Auf die weiteren Opern des Meisters auch nur mit einem Wort einzugehen, fehlt es hier leider an Raum; sie haben übrigens den Erfolg der »„Königin von Saba« nicht erreicht. Es sind: »Merlin«, deren Stoff der Artussage entnommen worden ist, Wien 1886; das »Heimchen am Herd«, das in völliger Abkehr von allem Orientalismus Dickens’ gleichnamige Märchendichtung in einer Bearbeitung von Willmers gemütvoll musikalisch illustriert, den Komponisten dabei von einer neuen, überraschenden Seite zeigend (Wien 1896); weiter »Die Kriegsgefangene« (Wien 1899, nach gänzlich unzulänglichem Buch).

Hierzu gesellten sich im letzten Jahrzehnt 2 weitere Opern: die »Szenen aus Götz von Berlichingen« und das »Wintermärchen«. Das letzte Wort über beide Werke ist noch nicht gesprochen. Wir hätten es ja wohl lieber gesehen, wenn die Benützung Goethes für Opernzwecke den Ausländern überlassen geblieben wäre, die ja in solchen Dingen schon Erfahrung haben (»Mignon«, »Werther«, »Faust«). Doch hat wohl die imposante Persönlichkeit des Ritters mit der eisernen Hand Goldmarks musikalische Gestaltungskraft besonders stark angeregt und ihn dazu gedrängt, einzelne »Szenen« aus Götz (so lautet der Titel der Oper) nach einem verwässerten Libretto in Musik zu setzen. Wegen einer Spannung zwischen Goldmark und dem damals allmächtigen Hofoperndirektor Mahler ist »Götz«, im Gegensatz zu allen seinen Vorgängern, an der Wiener Hofoper bisher nicht zu Wort gekommen; seine Uraufführung fand in Budapest statt.

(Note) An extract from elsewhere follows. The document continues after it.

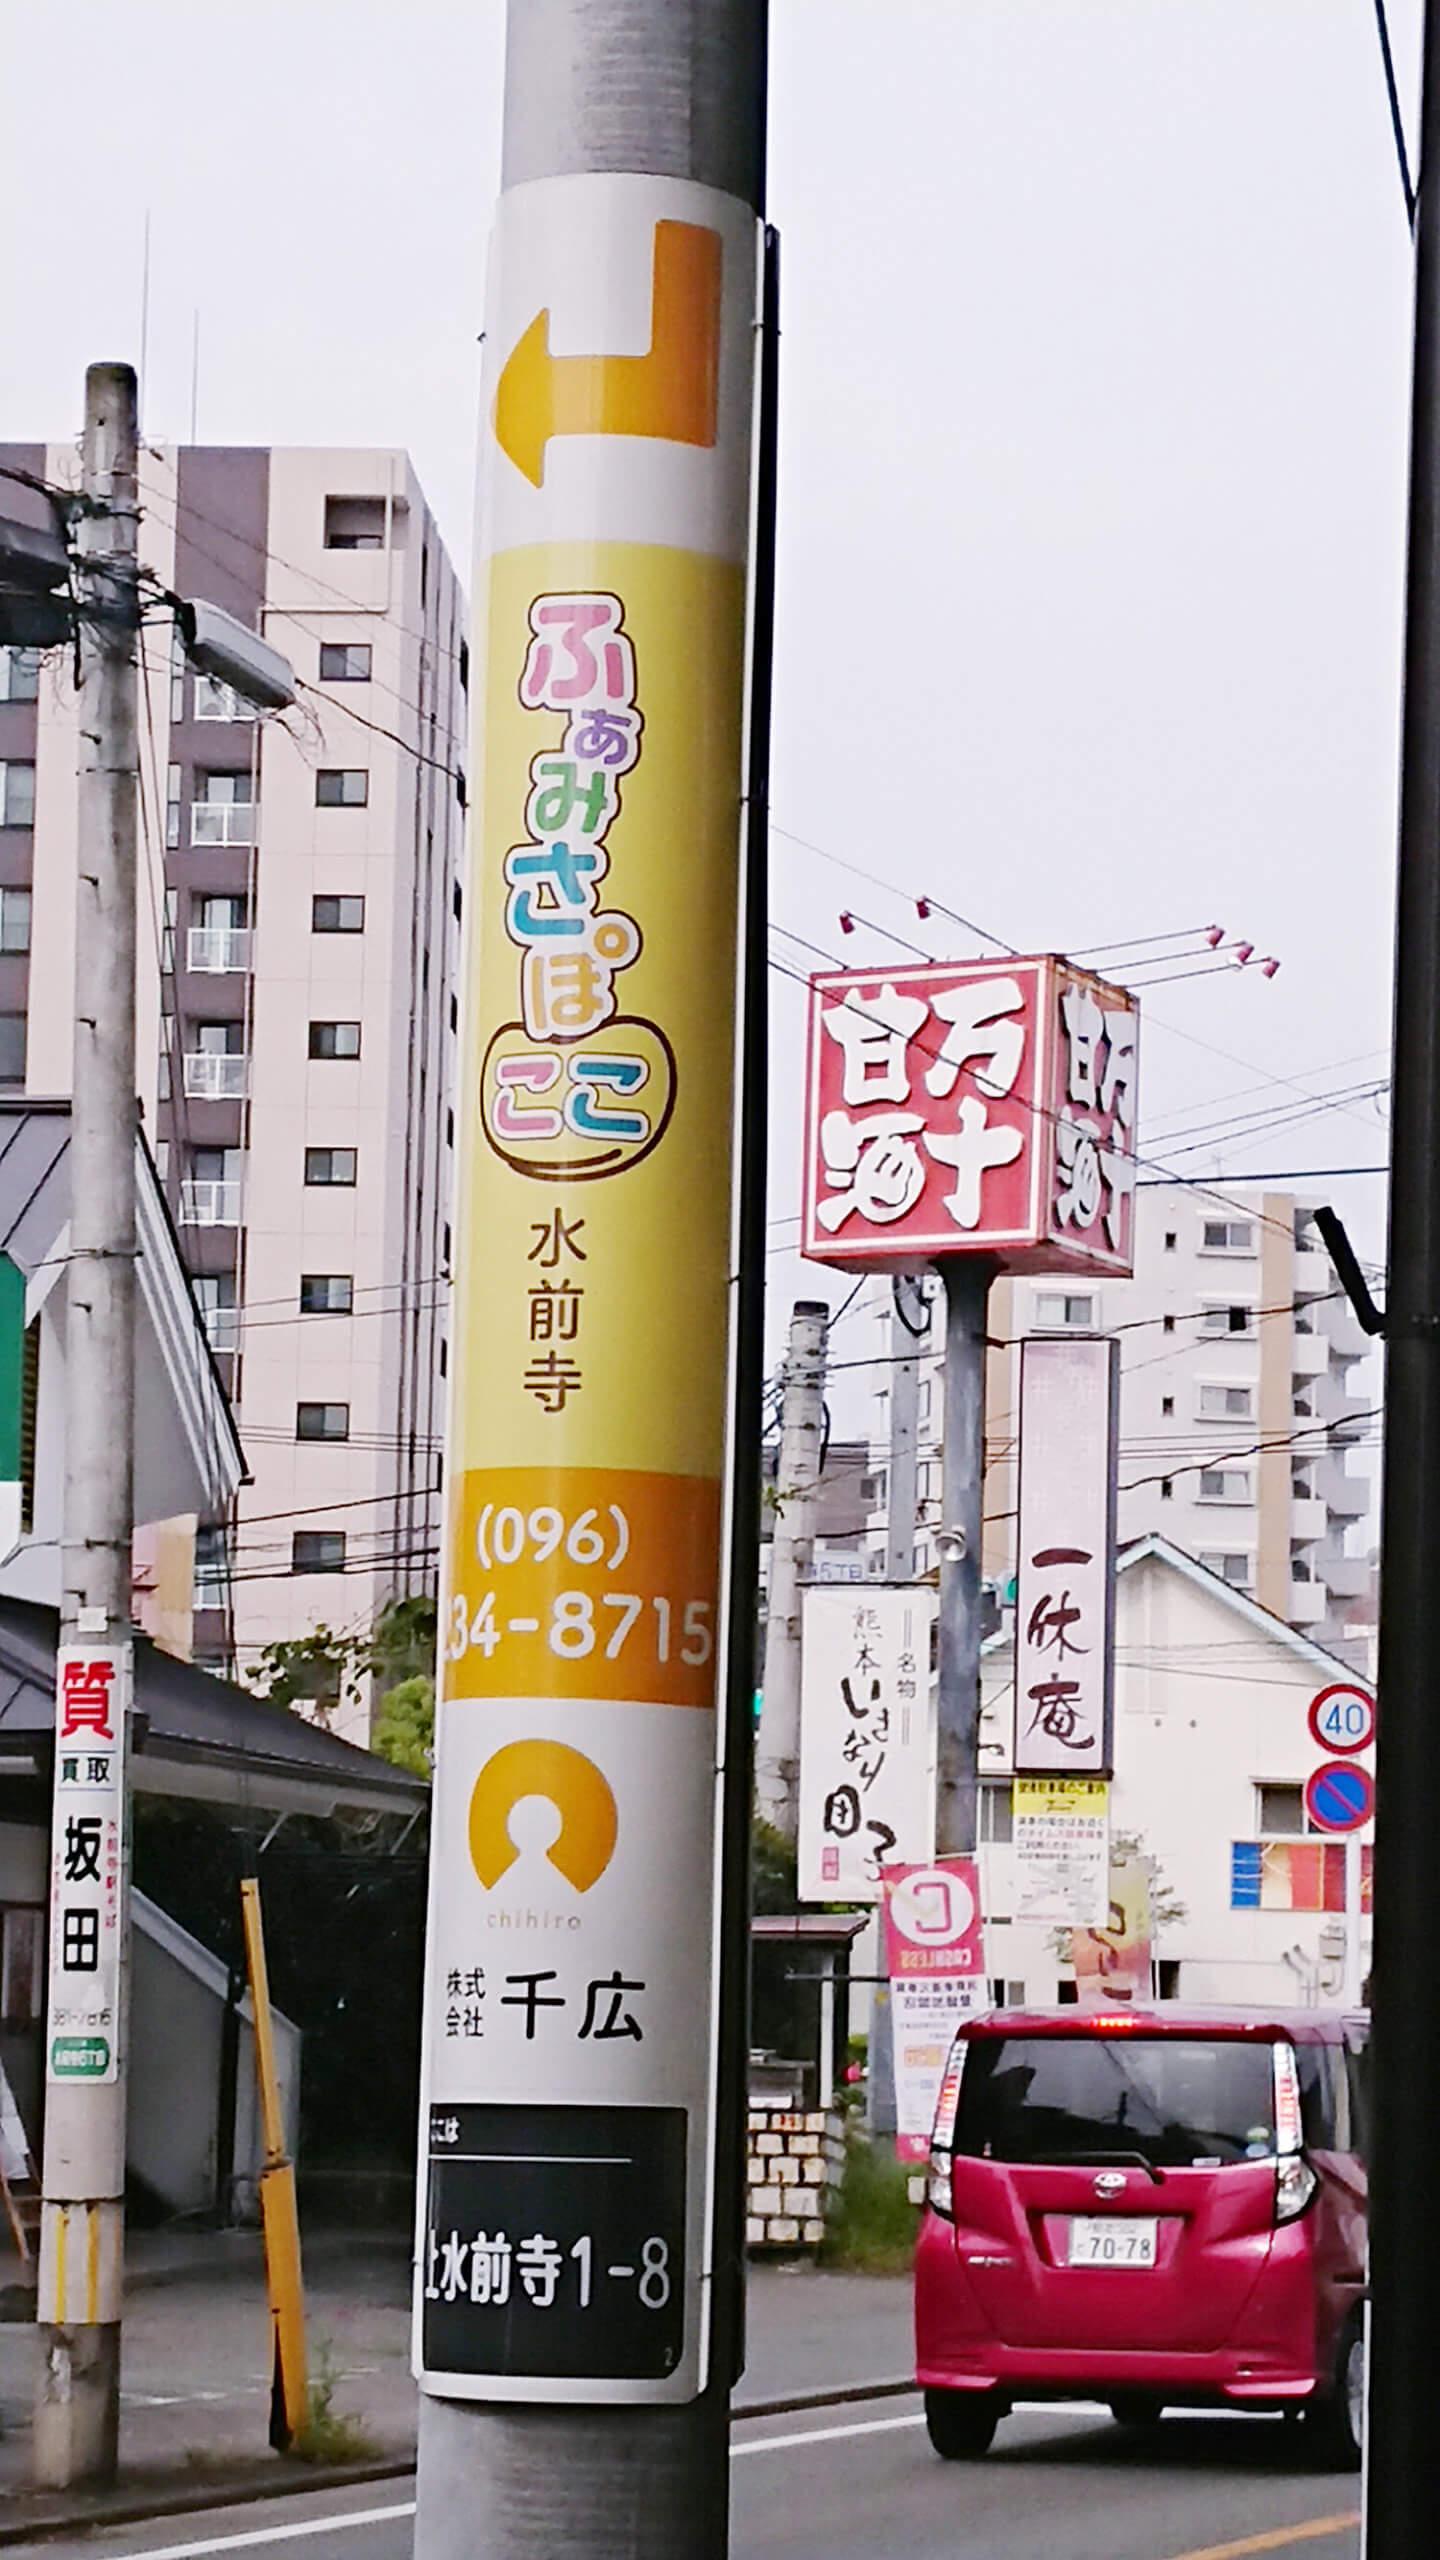 事業所の電柱広告

Ein voller Erfolg dagegen, der seinen Anfang diesmal wiederum von Wien aus nahm, war dem »Wintermärchen« beschieden. Wenn auch nicht immer neuer Goldmark, ist die Musik dieser Oper in ihrer Frische und Lebenswärme eine erstaunliche Tat des damals 78jährigen; »Shakespeareschen Geistes hab’ ich drin manchen Hauch gespürt«, könnte man mit Bezug auf sie ein Dichterwort umändern. Eine andere Gruppe von Schöpfungen zeigt uns Goldmarks Eigenart in ganz anderem, fast möchte ich sagen deutschem Gewände. Hierher könnte man die »Prometheus«-Ouvertüre (auf die erste von Aischylos gewaltigen 7 Tragödien) und die vielgespielte Ouvertüre »Im Frühling« zählen, die den deutschen Frühling in seiner ganzen Pracht wiedergibt; endlich wohl auch das zweite Orchester-Scherzo (op. 45). Die Ouvertüre zu Kleists »Penthesilea«, die Goldmark den Namen des »Dissonanzenkönigs« eintrug (interessanter Vergleich mit Hugo Wolffs [!] den gleichen Stoff behandelnden symphonischen Dichtung!) zeigt wieder andere Züge; die Ouvertüre zu »Sappho« (op. 44) hat wiederum stärkeren orientalischen Einschlag. Italienisches Leben schildert uns der Altmeister (wie Rich. Strauß) in der Ouvertüre »In Italien« (op. 49), die schon dem jüngsten Jahrzehnt angehört; ein reizendes Idyll aus dem Bauernleben schenkte er uns in der Symphonie (richtiger vielleicht symphonischen Dichtung) »Ländliche Hochzeit« (op. 26). Obwohl Programm-Musik, hat sie doch den Vorteil, auch ohne Programm leicht verständlich zu sein. Ihr fein abgetönter Hochzeitsmarsch (mit Variationen), das Brautlied, die Serenade (ein entzückendes Scherzo), »Im Garten« und »Tanz« reihen sich würdig dem Besten an, was Goldmark geschrieben.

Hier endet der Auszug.